Nitrite is more readily reduced to NO in anoxic or low pH conditions. Professor Martin Feelisch made the important discovery that, in the presence of thiols, UV radiation can photochemically reduce nitrate to NO without any enzymes. I had previously shown that the skin contains large stores of nitrate, nitrite and also nitrosothiols and the skin thus brings together these NO storage forms, thiols (in structural proteins) and also UV.

Working in parallel, myself and Professor Christoph Suschek in Germany then showed that UV irradiation of skin releases NO to the systemic circulation, where it lowers blood pressure. MC: Are there any limitations to the Rosula (Sodium Sulfacetamide 10% and Sulfur 4%)- FDA that you wish to highlight.

RW: This is an observational study and carries the same warnings as any other observational study. In all observational studies you need to think about confounders which were not accounted for. One important point, which could be missed on a quick read through, is that the effect was more marked at low UV levels.

We thus suspect that there is a ceiling to this effect and just cranking up UV exposure to higher and higher levels will not continue to produce the same degree of benefit. MC: The study is observational and therefore cannot heart and blood cause and effect. How can the study findings be harnessed.

RW: This is a starting Rosula (Sodium Sulfacetamide 10% and Sulfur 4%)- FDA. I think an important message is that there is more to sunlight than vitamin D alone. The unfortunate fixation on vitamin D in the press and even the medical world is that so little consideration has been given to, or research performed on, other beneficial mechanisms of action of sunlight.

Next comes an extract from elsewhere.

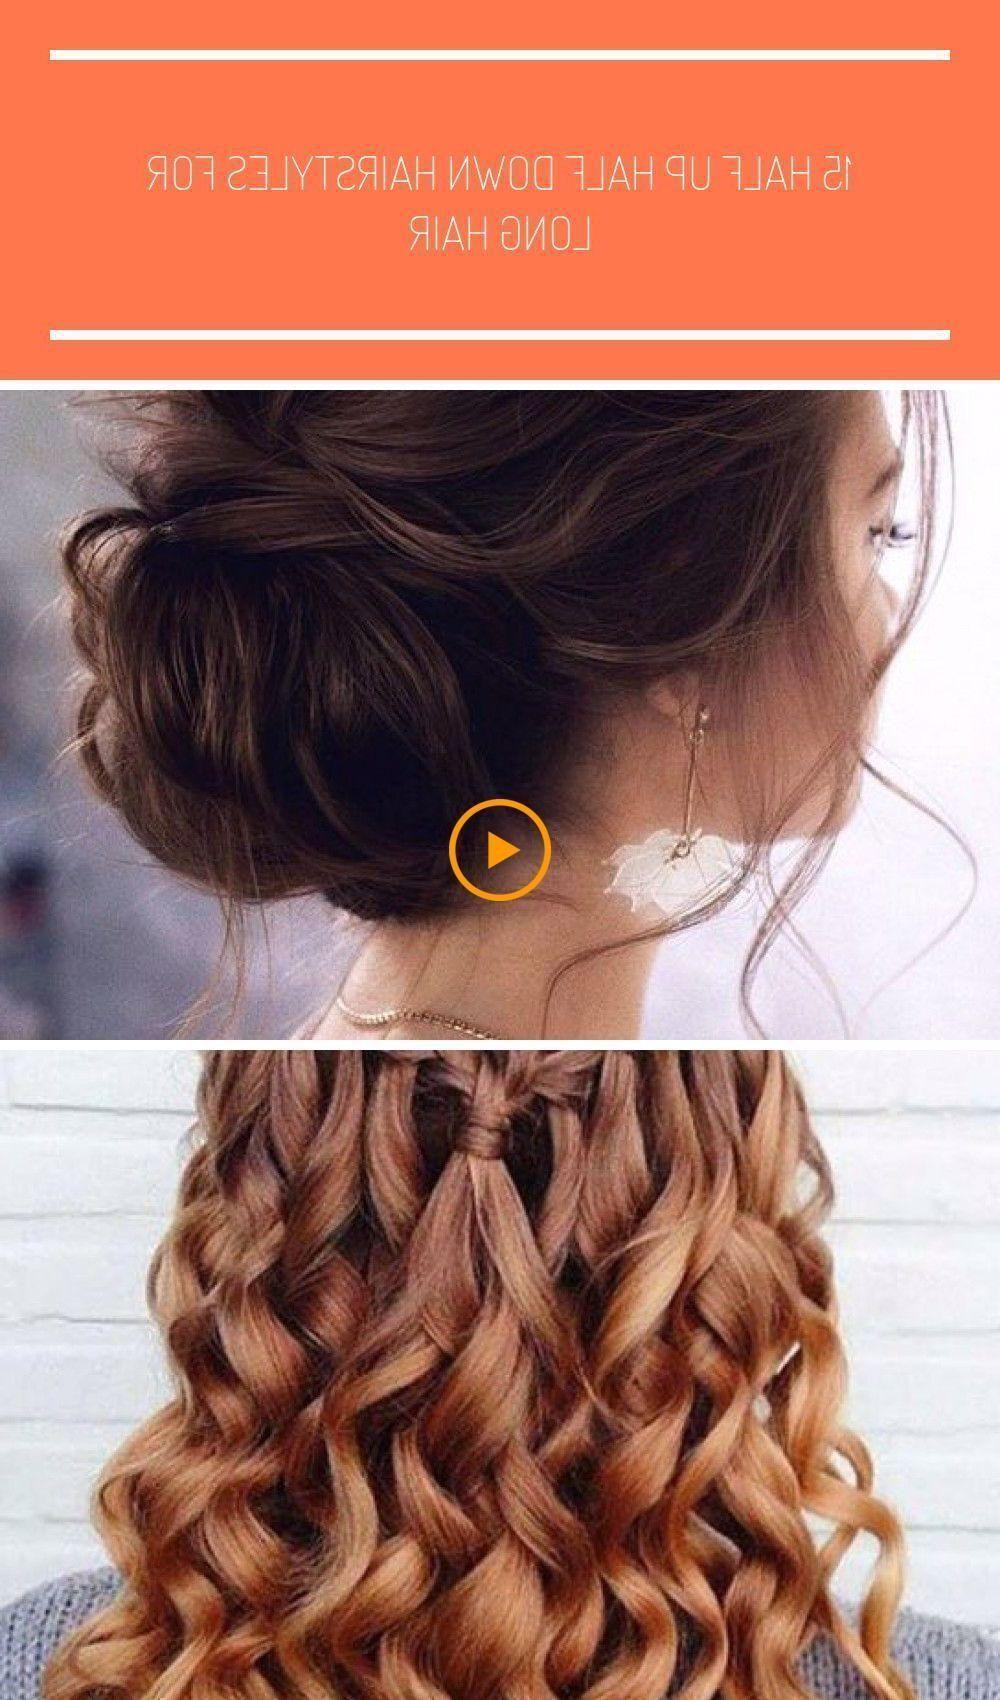 Si está buscando peinados hermosos para la graduación, aquí hay algunas ideas de … – Peinados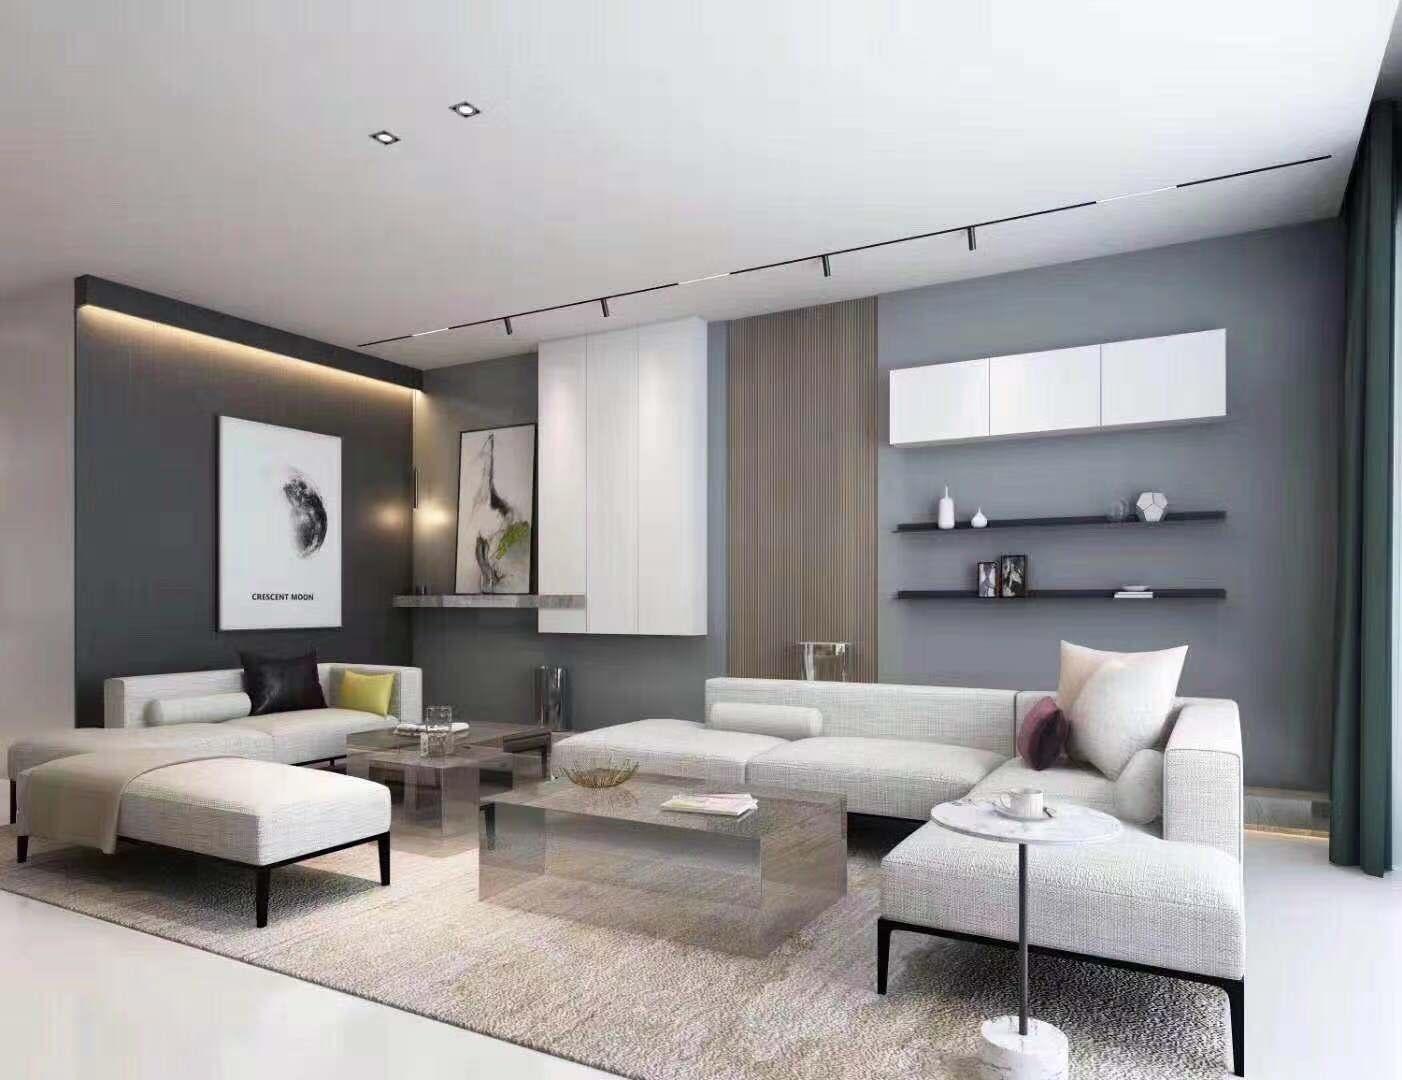 室内装修效果图设计

I hope that this will start to change. Our study suggests benefit from sunlight and if we heart disease work out the mechanism, that would lead to new treatments.

The second consideration is public health. We are currently advising (correctly) that people should meet outside to benefit from ventilation reducing COVID-19 transmission. Our data Rosula (Sodium Sulfacetamide 10% and Sulfur 4%)- FDA that brut la roche are Moxeza (Moxifloxacin Hydrochloride Ophthalmic Solution)- FDA benefits to being outside, in that you also get more sunlight.

I hope that our data thus feeds into public health policy and advice. MC: Are there other research methods that could be ent doctor to demonstrate cause and effect, based on your work.

RW: Nearly every dermatology department in Britain has a phototherapy department.